Ahora el pequeño todavía balbucea, pero cuando crezca insistirá en que los
últimos son los primeros y viceversa.
Bien está la noche de paz que nos propone el más famoso villancico. No
escatimemos la poesía de una noche fulgurante de estrellas alumbrando la gruta
de Belén. Pero tampoco pasemos por alto lo que le sucederá al pequeño
protagonista tres décadas más tarde. El niño del pesebre ya lleva grabada la cruz
en la frente. Será mal visto porque, entre otras cosas, cuestionará los pilares
de los que el pueblo se muestra tan orgullos y el orgullo de los dirigentes. Concluirán
los poderosos que vale más que muera un hombre por el pueblo que no todo el
pueblo por un hombre.
El niño que yace en el pesebre no muestra el menor entusiasmo por la pax romana, sustentada en impuestos y en
el temor de las lanzas. En esta paz sólo los poderosos encuentran acomodo. El
niño prefiere la que luego se llamará Pax
Christi, basada en un nuevo orden de relaciones humanas. La que proyecta un
corazón sencillo y limpio e insta a luchar por la justicia y la verdad. La que
se remite al sueño del viejo profeta Isaías: que las espadas se conviertan en
arados y los lobos se amansen hasta convivir con los corderos.

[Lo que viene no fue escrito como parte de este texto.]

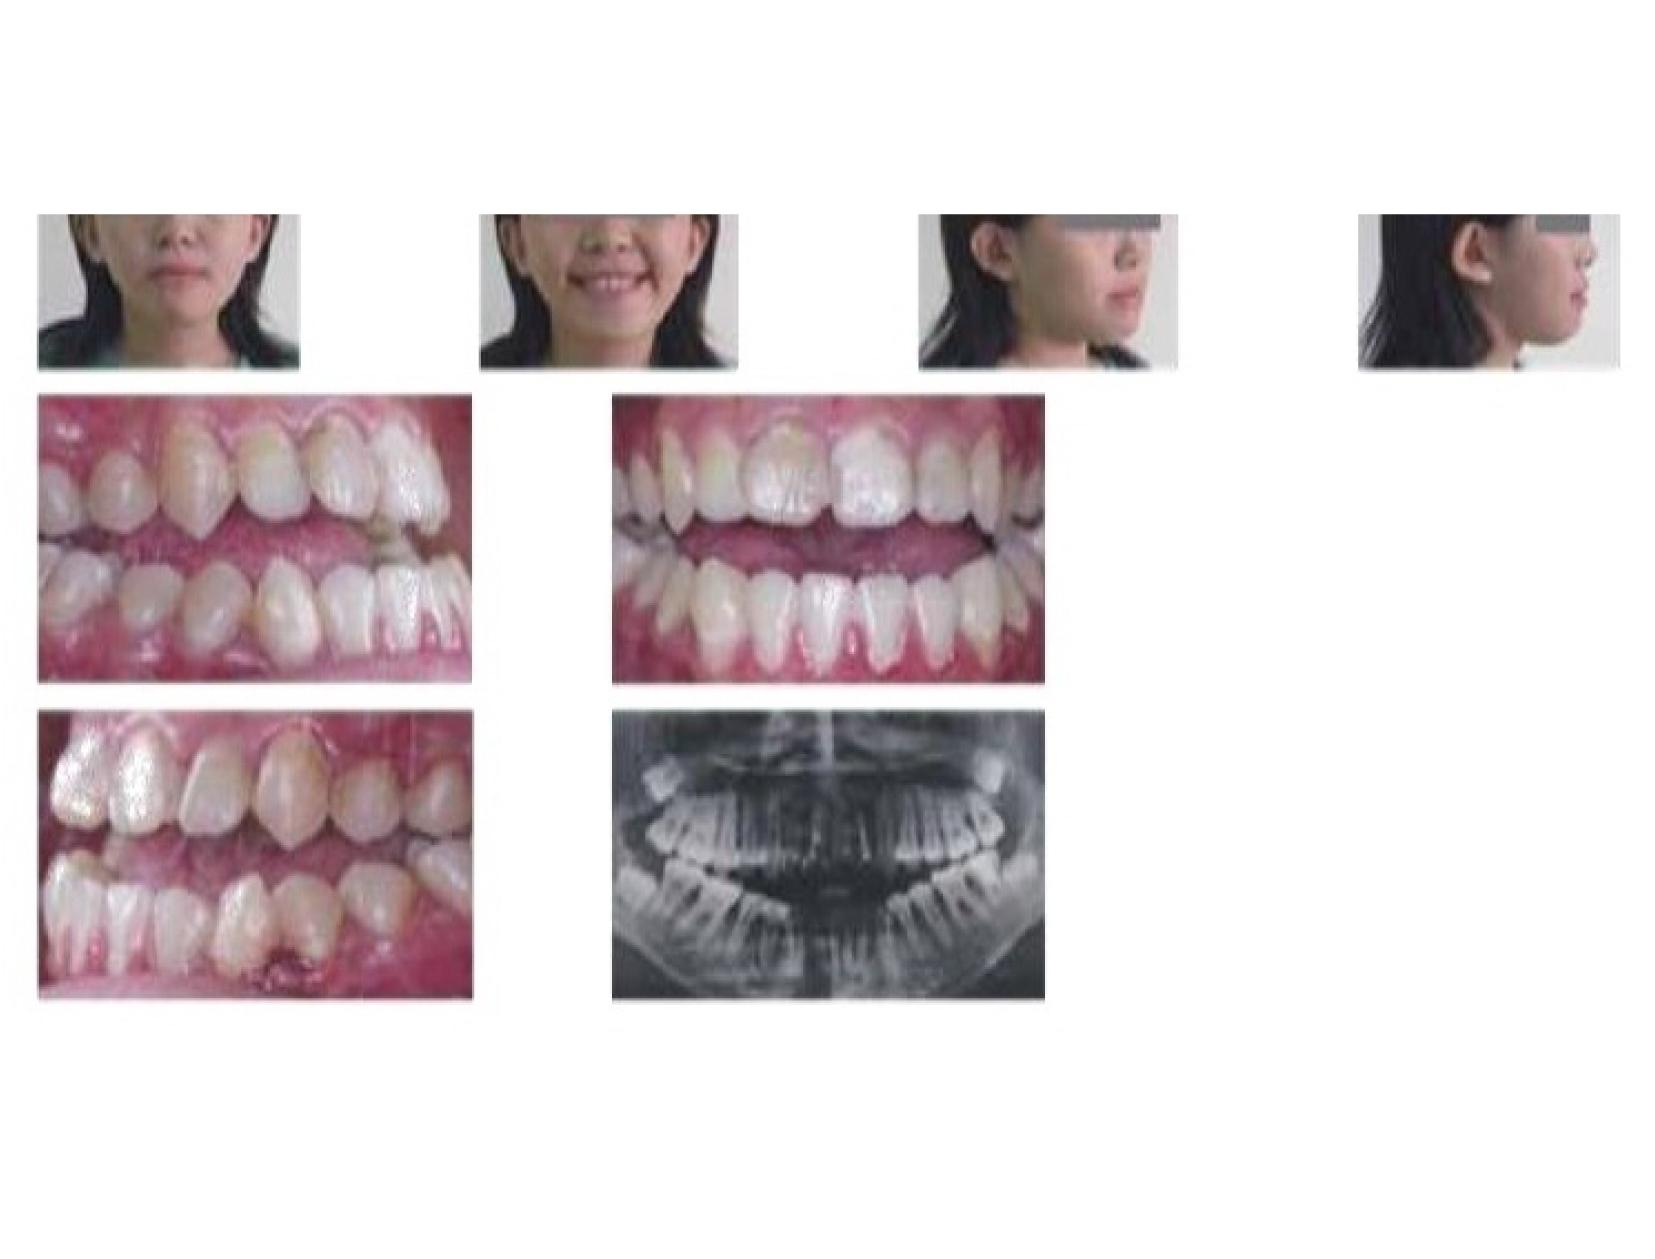 牙齒矯正,正顎手術,案例-1

La historia del niño Jesús va más allá de una entretenida y poética
narración para escuchar cuando la familia se reúne en torno a la mesa en los
días de Navidad. Es la semilla de la buena nueva. Interpela a los hombres y
mujeres de nuestro mundo a ser creativos y generosos a fin de poner en pie un
nuevo estilo de convivencia. El niño de Belén todavía no habla, pero ya levanta
la voz contra la injusticia de la desigualdad entre los seres humanos. La
primera paradoja de las muchas que formulará andando el tiempo.